SAM 是一种强大的图像分割模型，用于为对象创建蒙版。它以图像和提示（点、框）作为输入，并输出详细的分割蒙版。其主要功能包括可提示性、支持交互式对象选择和零样本泛化，允许分割看不见的对象。这是通过对超过 10 亿个蒙版的庞大数据集进行训练实现的。从架构上讲，SAM 通常使用基于 ViT 的图像编码器来提取特征，然后使用轻量级解码器来生成蒙版。在我们的工作流程中，SAM 对于隔离要移除或替换的对象至关重要，为修复和混合步骤奠定了基础。它生成准确蒙版的能力对于以后实现逼真的图像处理至关重要。

我们将从 Unsplash 中的这张图片开始。我们首先使用 initialize_sam_model 加载预先训练的 SAM 模型。然后，调用 load_image 来加载输入图像。遮罩过程的核心发生在 generate_mask中，其中SAM模型根据提供的输入点预测遮罩。为了改进这个初始遮罩， expand_and_feather_mask应用了扩张和模糊以实现更平滑的羽化边缘。最后，保存生成的遮罩以供以后使用。
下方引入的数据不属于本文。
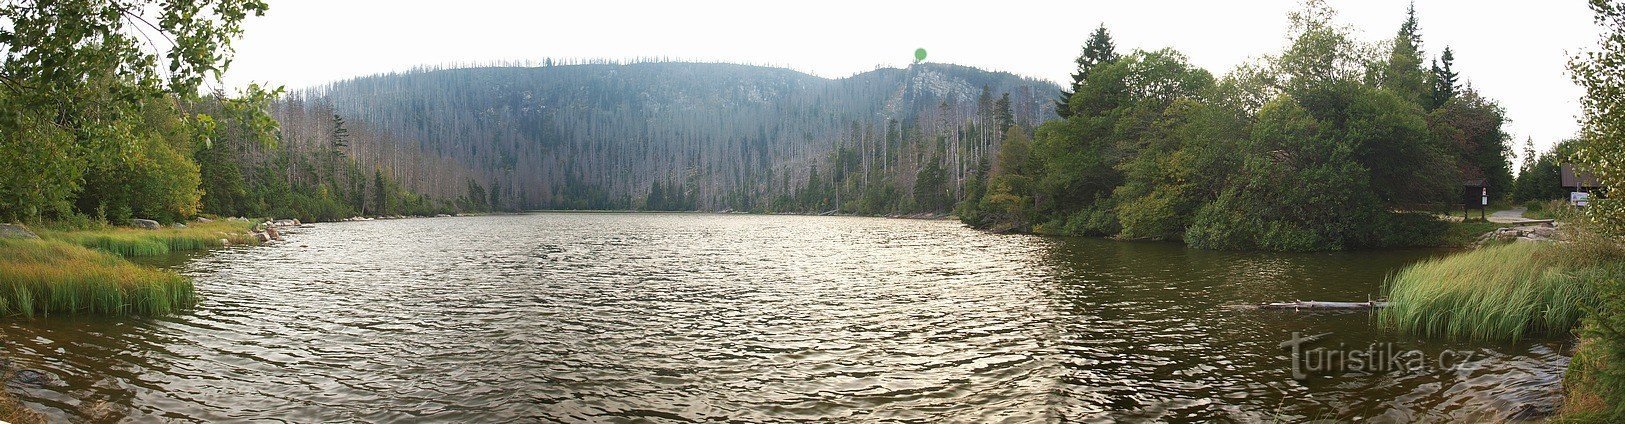 Lac chauve tiré de son barrage. Le point vert montre le point de vue avec la pierre obeli

这一系列函数利用SAM的功能为图像处理任务创建准确而精致的对象遮罩。

!pip install -q opencv-python matplotlib segment-anything jupyter_bbox_widget

import os
import urllib.request
import cv2
import numpy as np
import matplotlib.pyplot as plt
from segment_anything import SamPredictor, sam_model_registry
import requests
from io import BytesIO
from PIL import Image
import base64
import torch
from jupyter_bbox_widget import BBoxWidget

# Encode the image to be used by BBOX - visual identification of coordinates
def encode_image(filepath):
    with open(filepath, 'rb') as f:
        image_bytes = f.read()
    encoded = str(base64.b64encode(image_bytes), 'utf-8')
    return "data:image/jpg;base64,"+encoded

# Crop the image so that the images aligns with the standard 512 size
def crop_image(image_path, x, y, crop_size=512):
    image = cv2.imread(image_path)
    height, width, _ = image.shape
    start_x = max(0, x - crop_size // 2)
    start_y = max(0, y - crop_size // 2)
    end_x = min(width, start_x + crop_size)
    end_y = min(height, start_y + crop_size)
    start_x = max(0, end_x - crop_size)
    start_y = max(0, end_y - crop_size)
    cropped_image = image[start_y:end_y, start_x:end_x]
    return cropped_image

# Initialize the SAM model (you can change the model type if needed)
def initialize_sam_model(model_type="vit_h"):
    sam_checkpoint = "/content/models/sam_vit_h_4b8939.pth"  
    sam_model = sam_model_registry[model_type](checkpoint=sam_checkpoint).to("cuda")
    return SamPredictor(sam_model)

# Load an image
def load_image(image_path):
    image = cv2.imread(image_path)
    image = cv2.cvtColor(image, cv2.COLOR_BGR2RGB)
    return image

# Generate masks based on input points
def generate_mask(image, predictor, points):
    predictor.set_image(image)
    input_points = np.array(points)  
    input_labels = np.ones(len(points)) 
    masks, scores, _ = predictor.predict(point_coords=input_points, point_labels=input_labels, multimask_output=True)
    best_mask = masks[np.argmax(scores)]
    return best_mask

# Expand and feather the mask
def expand_and_feather_mask(mask, dilation_iterations=10, blur_kernel_size=21):
    kernel = np.ones((3, 3), np.uint8)  
    expanded_mask = cv2.dilate(mask.astype(np.uint8), kernel, iterations=dilation_iterations)
    feathered_mask = cv2.GaussianBlur(expanded_mask.astype(np.float32), (blur_kernel_size, blur_kernel_size), 0)
    feathered_mask = np.clip(feathered_mask, 0, 1)
    return feathered_mask

# Save the mask as an image
def save_mask(mask, output_path):
    cv2.imwrite(output_path, (mask * 255).astype(np.uint8))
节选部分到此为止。